In the listing that follows, find the line with "Kak_zavesti_i_", then copy exactly from it through the line with "简约 现代 三居 大户型", leaving out every picture.

Dataset content ::
^^^^^^^^^^^^^^^^
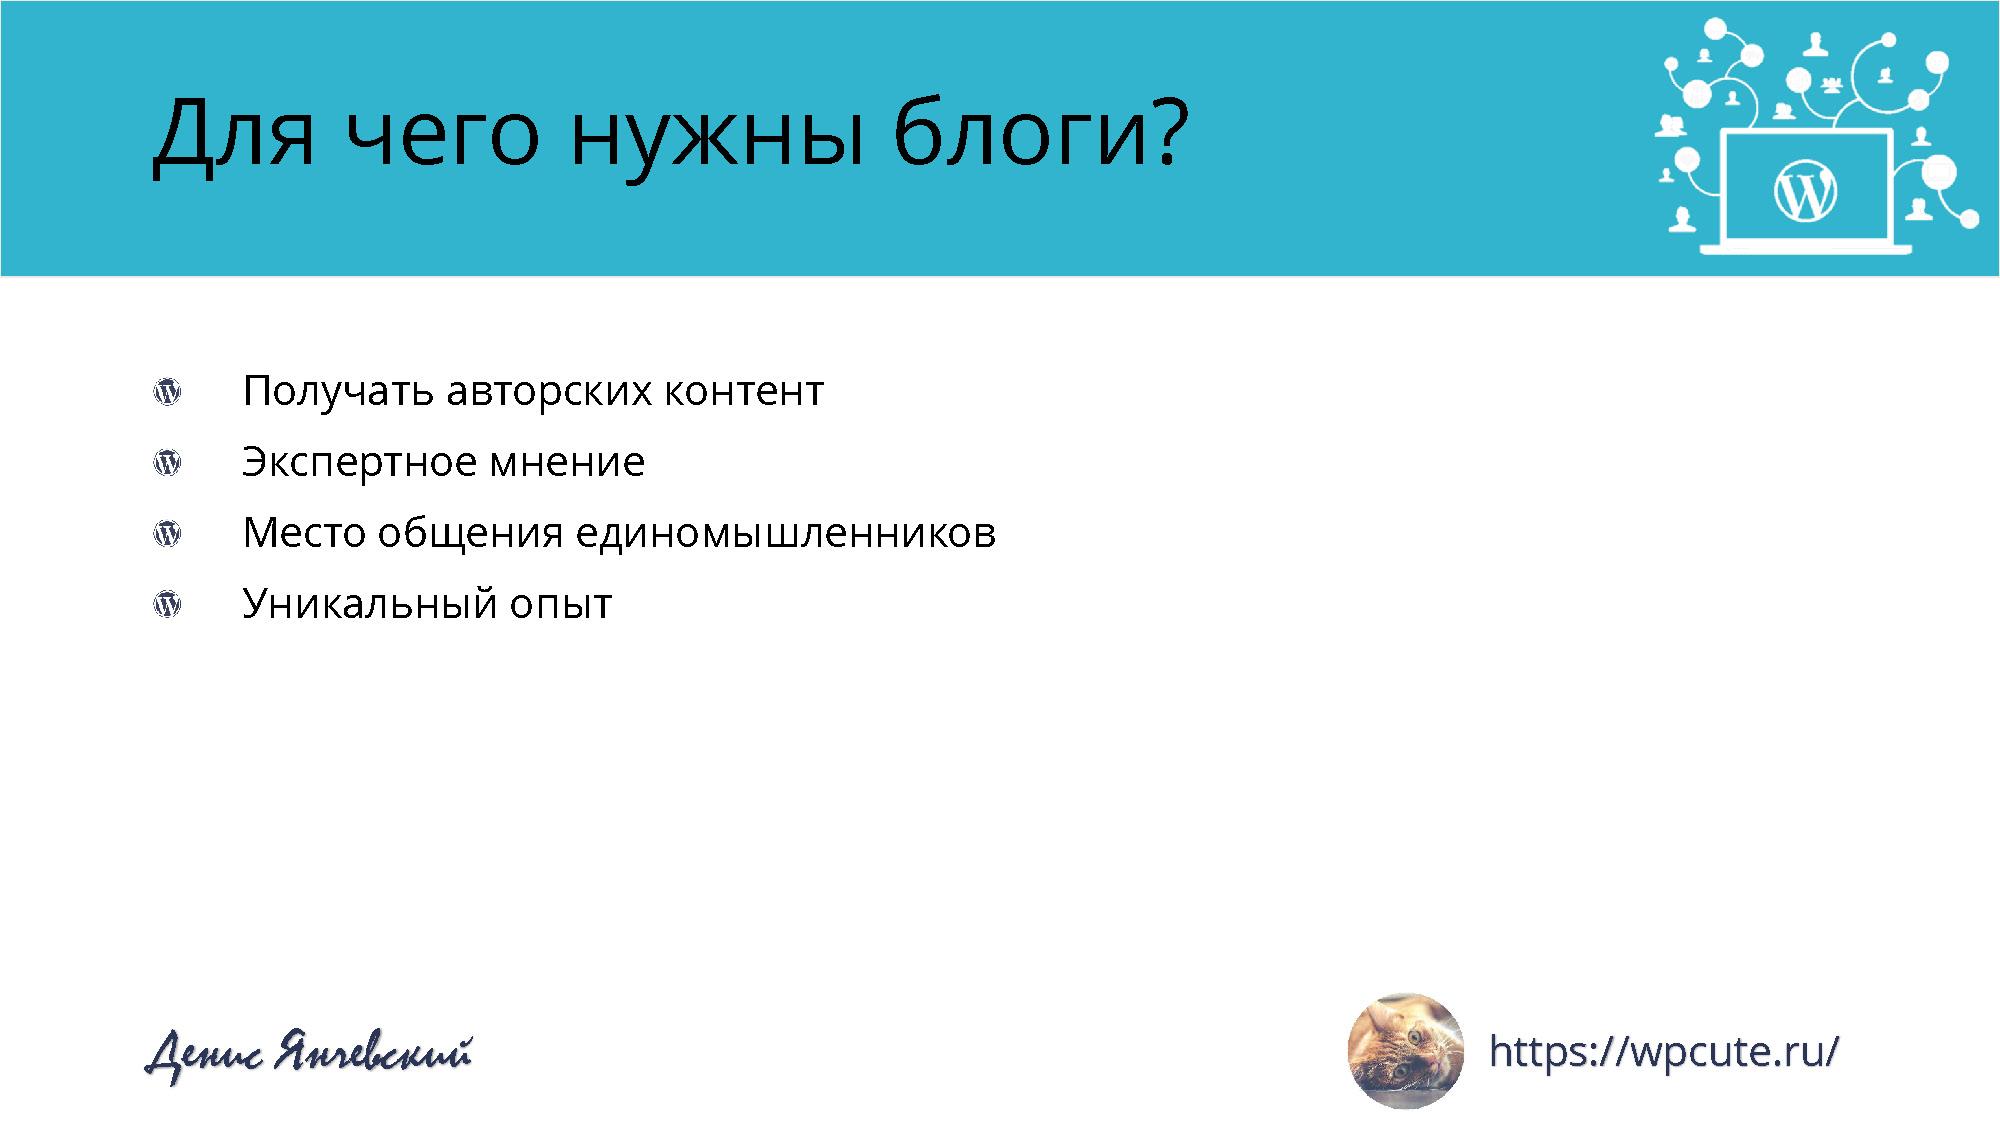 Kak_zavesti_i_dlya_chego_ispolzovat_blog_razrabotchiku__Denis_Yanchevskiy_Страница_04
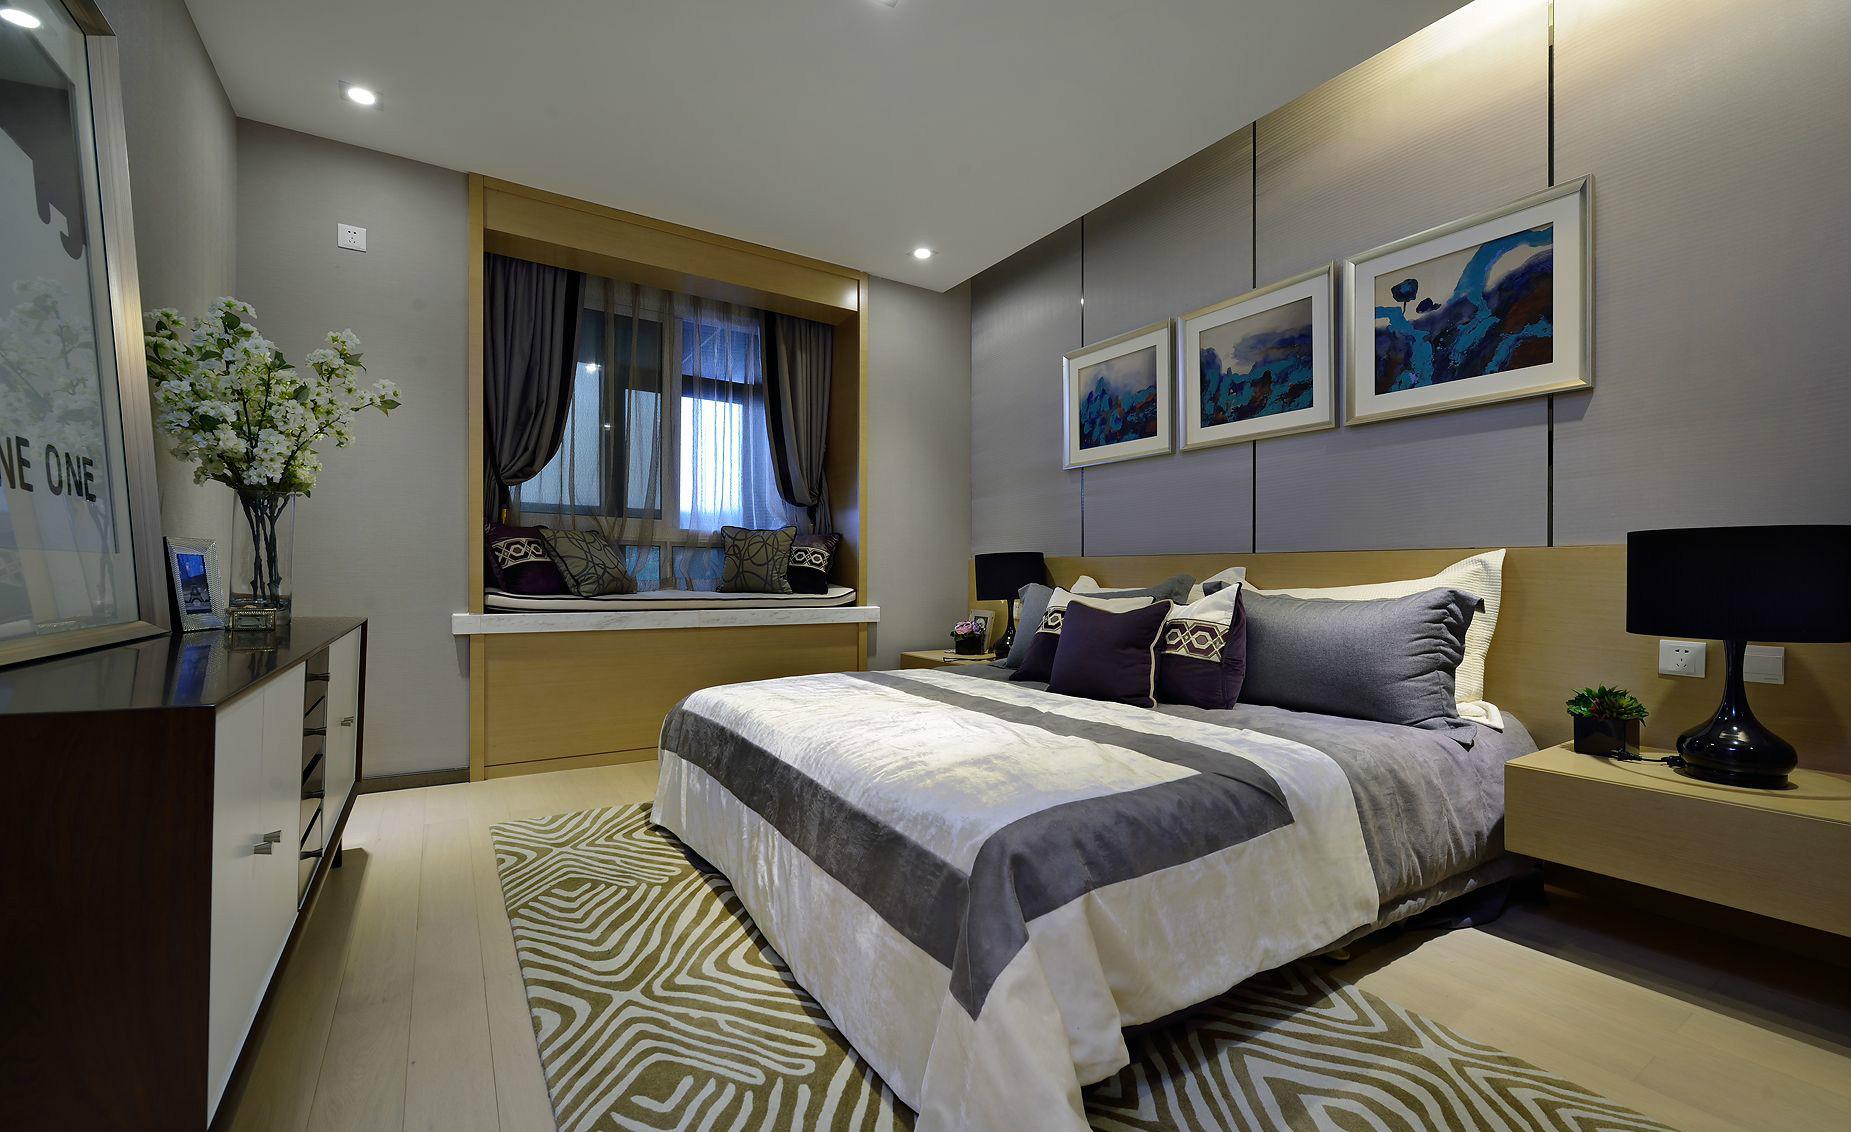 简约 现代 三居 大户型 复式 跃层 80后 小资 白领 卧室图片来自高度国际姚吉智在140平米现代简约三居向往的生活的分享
^^^^^^^^^^^^^^^^
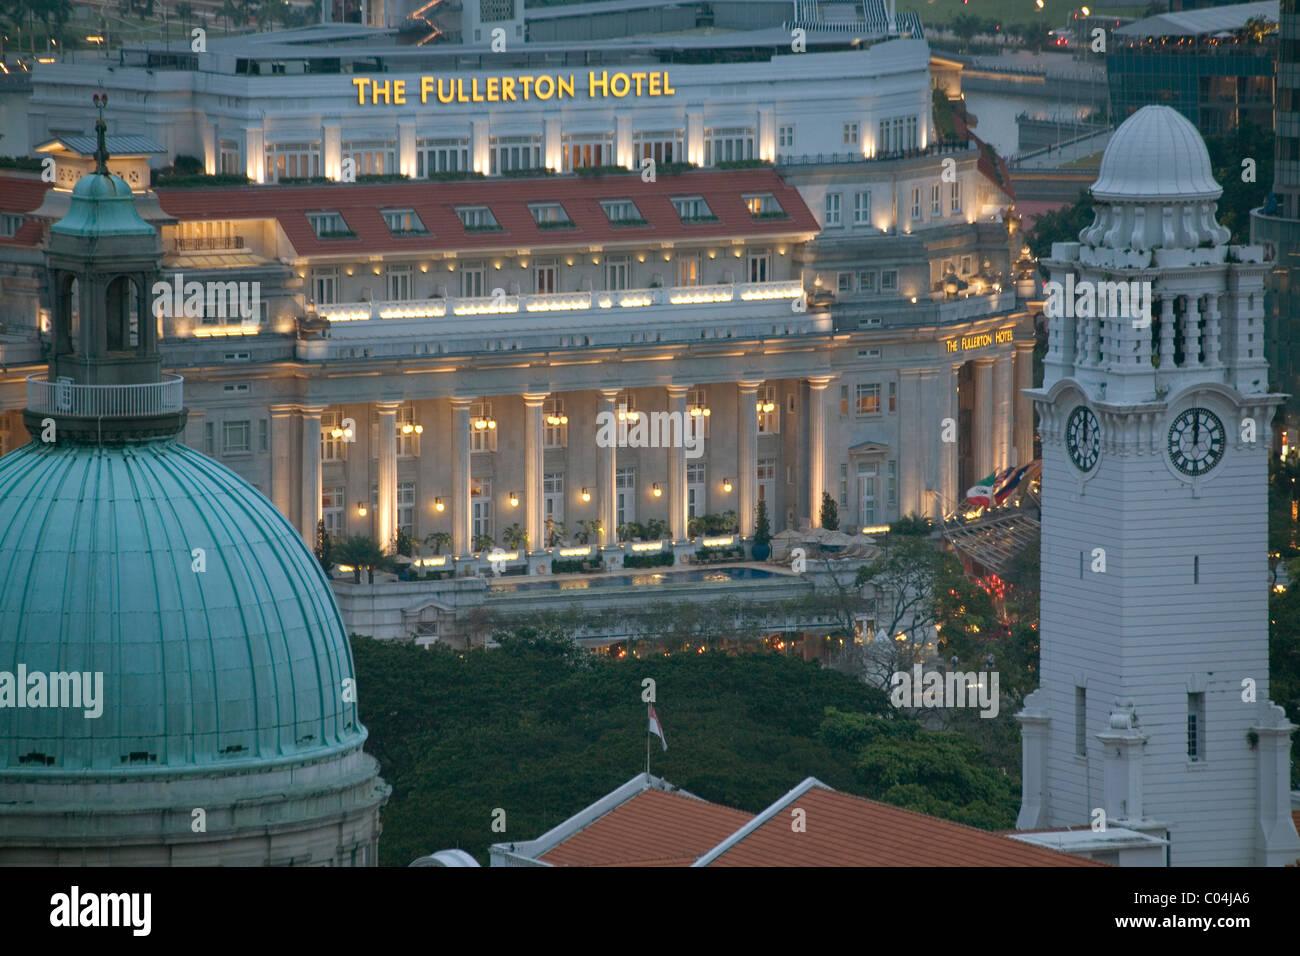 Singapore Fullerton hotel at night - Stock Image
^^^^^^^^^^^^^^^^
Exercise output ::
 Kak_zavesti_i_dlya_chego_ispolzovat_blog_razrabotchiku__Denis_Yanchevskiy_Страница_04
 简约 现代 三居 大户型 复式 跃层 80后 小资 白领 卧室图片来自高度国际姚吉智在140平米现代简约三居向往的生活的分享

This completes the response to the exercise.